Matthew, thanks for the pointer.

>
> As far as I know x86 is the one that supports this.
>
>> The way they differentiate between the A and D bits makes it clear to
>> me that the A bit is set at each level of the tree, but the D bit is
>> only set on leaf entries.
>
> And the difference makes perfect sense (to me). Kudos to Intel.

Hi Yu,

You only introduced HAVE_ARCH_PARENT_PMD_YOUNG but no HAVE_ARCH_PARENT_PUD_YOUNG.
Is it PUD granularity too large to be useful for multigenerational LRU algorithm?

Thanks.

—
Best Regards,
Yan Zi
Yu Zhao March 15, 2021, 1:04 a.m.

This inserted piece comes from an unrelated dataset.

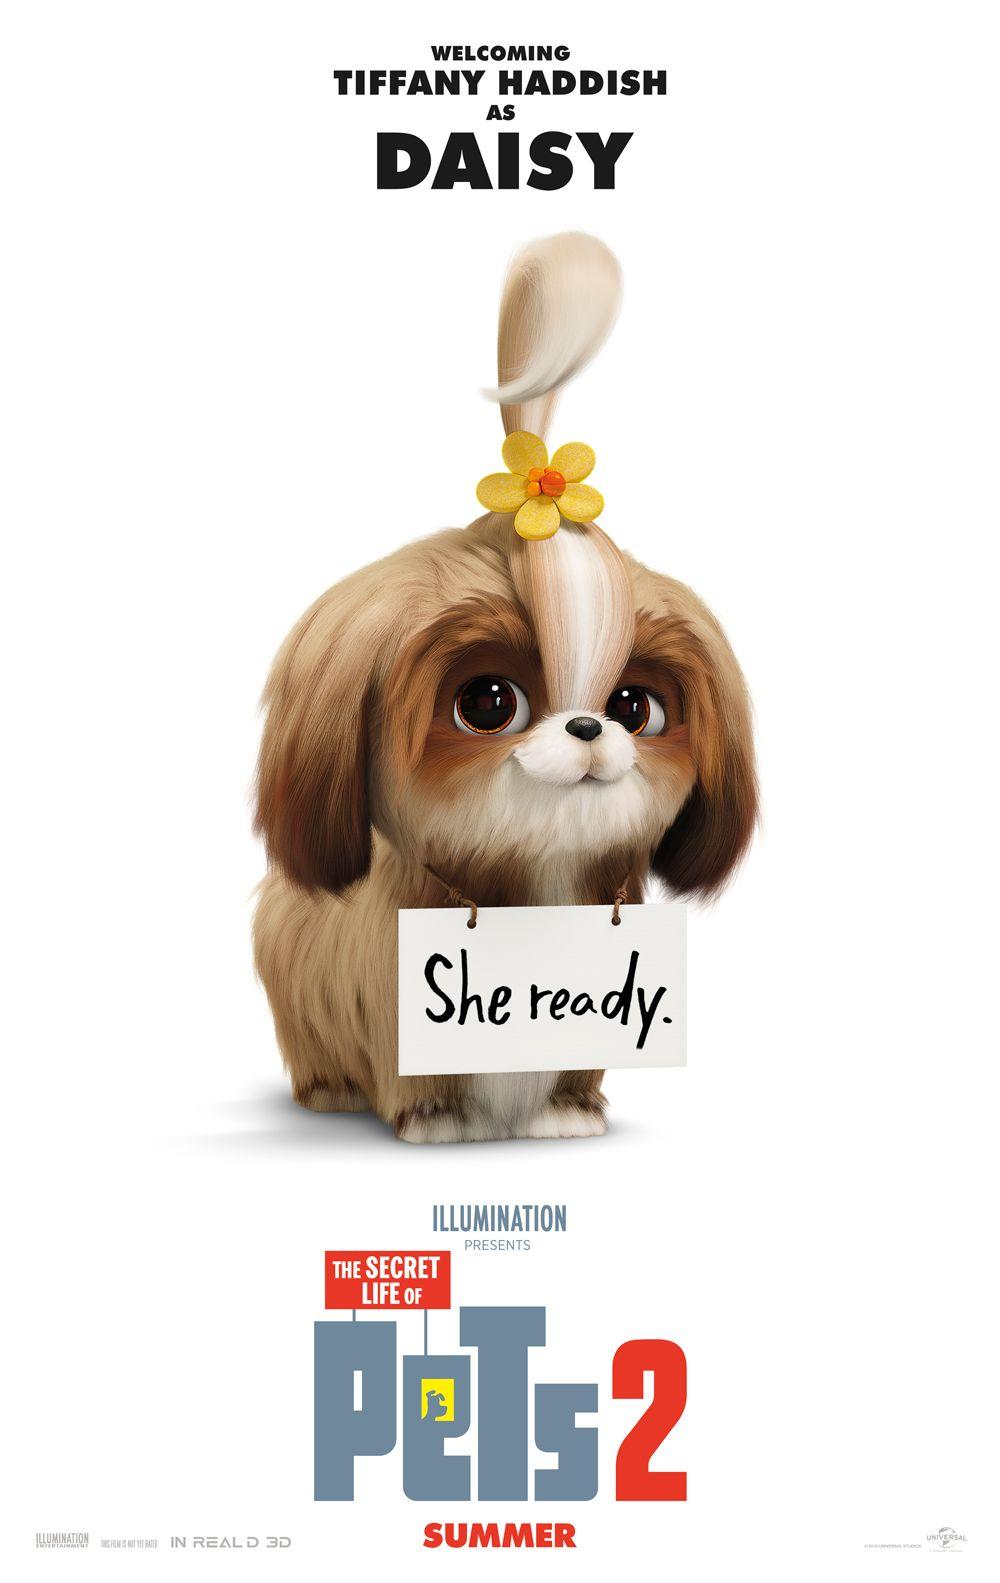 تیزر جدید انیمیشن زندگی پنهانی حیوانات خانگی ۲ | معرفی Daisy با صدای تیفانی هدیش
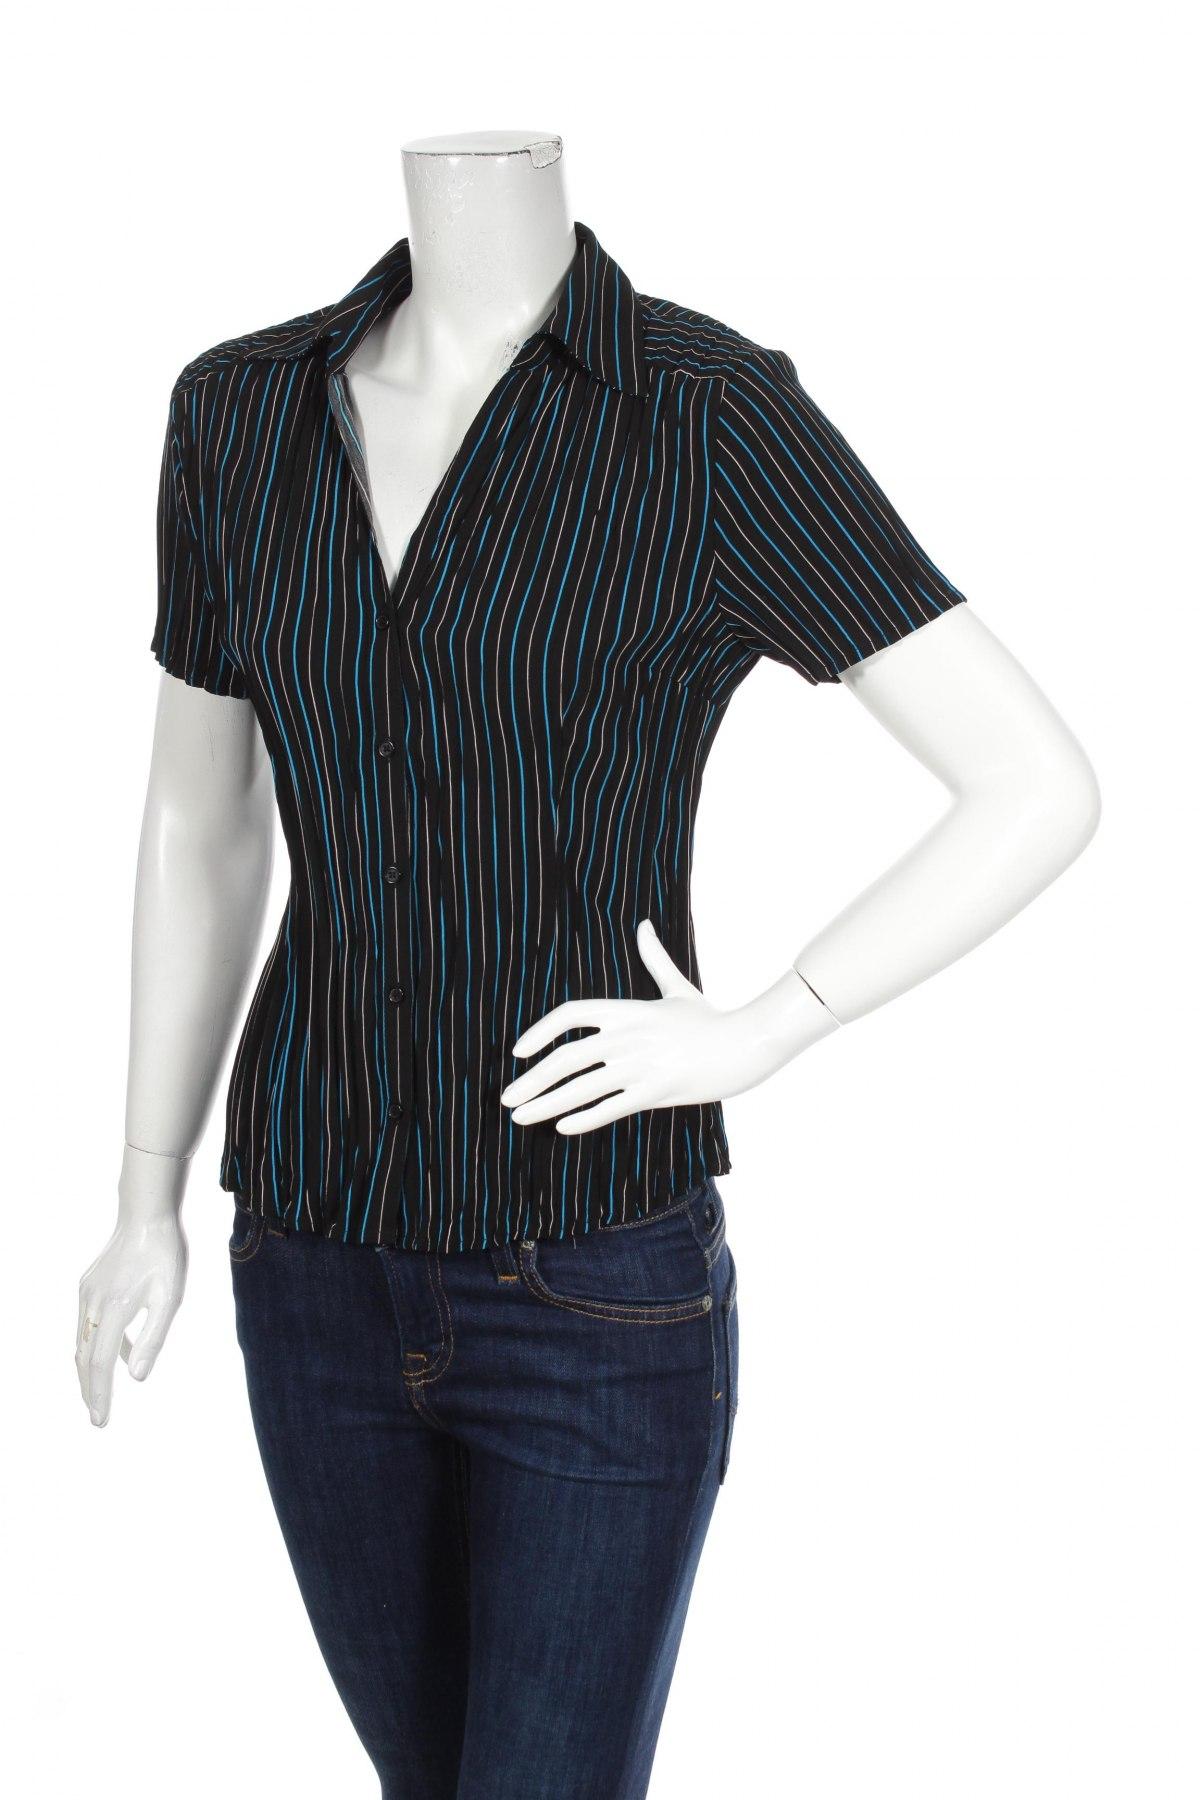 Γυναικείο πουκάμισο Fred David, Μέγεθος S, Χρώμα Πολύχρωμο, 97% πολυεστέρας, 3% ελαστάνη, Τιμή 8,66€

UTC | #6
On Sun, Mar 14, 2021 at 08:27:29PM -0400, Zi Yan wrote:
> On 14 Mar 2021, at 20:03, Yu Zhao wrote:
> 
> > On Sun, Mar 14, 2021 at 10:51:03PM +0000, Matthew Wilcox wrote:
> >> On Sun, Mar 14, 2021 at 06:12:42PM -0400, Zi Yan wrote:
> >>> On 13 Mar 2021, at 2:57, Yu Zhao wrote:
> >>>
> >>>> Some architectures support the accessed bit on non-leaf PMD entries
> >>>> (parents) in addition to leaf PTE entries (children) where pages are
> >>>> mapped, e.g., x86_64 sets the accessed bit on a parent when using it
> >>>> as part of linear-address translation [1]. Page table walkers who are
> >>>> interested in the accessed bit on children can take advantage of this:
> >>>> they do not need to search the children when the accessed bit is not
> >>>> set on a parent, given that they have previously cleared the accessed
> >>>> bit on this parent in addition to its children.
> >>>>
> >>>> [1]: Intel 64 and IA-32 Architectures Software Developer's Manual
> >>>>      Volume 3 (October 2019), section 4.8
> >>>
> >>> Just curious. Does this also apply to non-leaf PUD entries? Do you
> >>> mind sharing which sentence from the manual gives the information?
> >>
> >> The first few sentences from 4.8:
> >>
> >> : For any paging-structure entry that is used during linear-address
> >> : translation, bit 5 is the accessed flag. For paging-structure
> >> : entries that map a page (as opposed to referencing another paging
> >> : structure), bit 6 is the dirty flag. These flags are provided for
> >> : use by memory-management software to manage the transfer of pages and
> >> : paging structures into and out of physical memory.
> >>
> >> : Whenever the processor uses a paging-structure entry as part of
> >> : linear-address translation, it sets the accessed flag in that entry
> >> : (if it is not already set).
> 
> Matthew, thanks for the pointer.
> 
> >
> > As far as I know x86 is the one that supports this.
> >
> >> The way they differentiate between the A and D bits makes it clear to
> >> me that the A bit is set at each level of the tree, but the D bit is
> >> only set on leaf entries.
> >
> > And the difference makes perfect sense (to me). Kudos to Intel.
> 
> Hi Yu,
> 
> You only introduced HAVE_ARCH_PARENT_PMD_YOUNG but no HAVE_ARCH_PARENT_PUD_YOUNG.
> Is it PUD granularity too large to be useful for multigenerational LRU algorithm?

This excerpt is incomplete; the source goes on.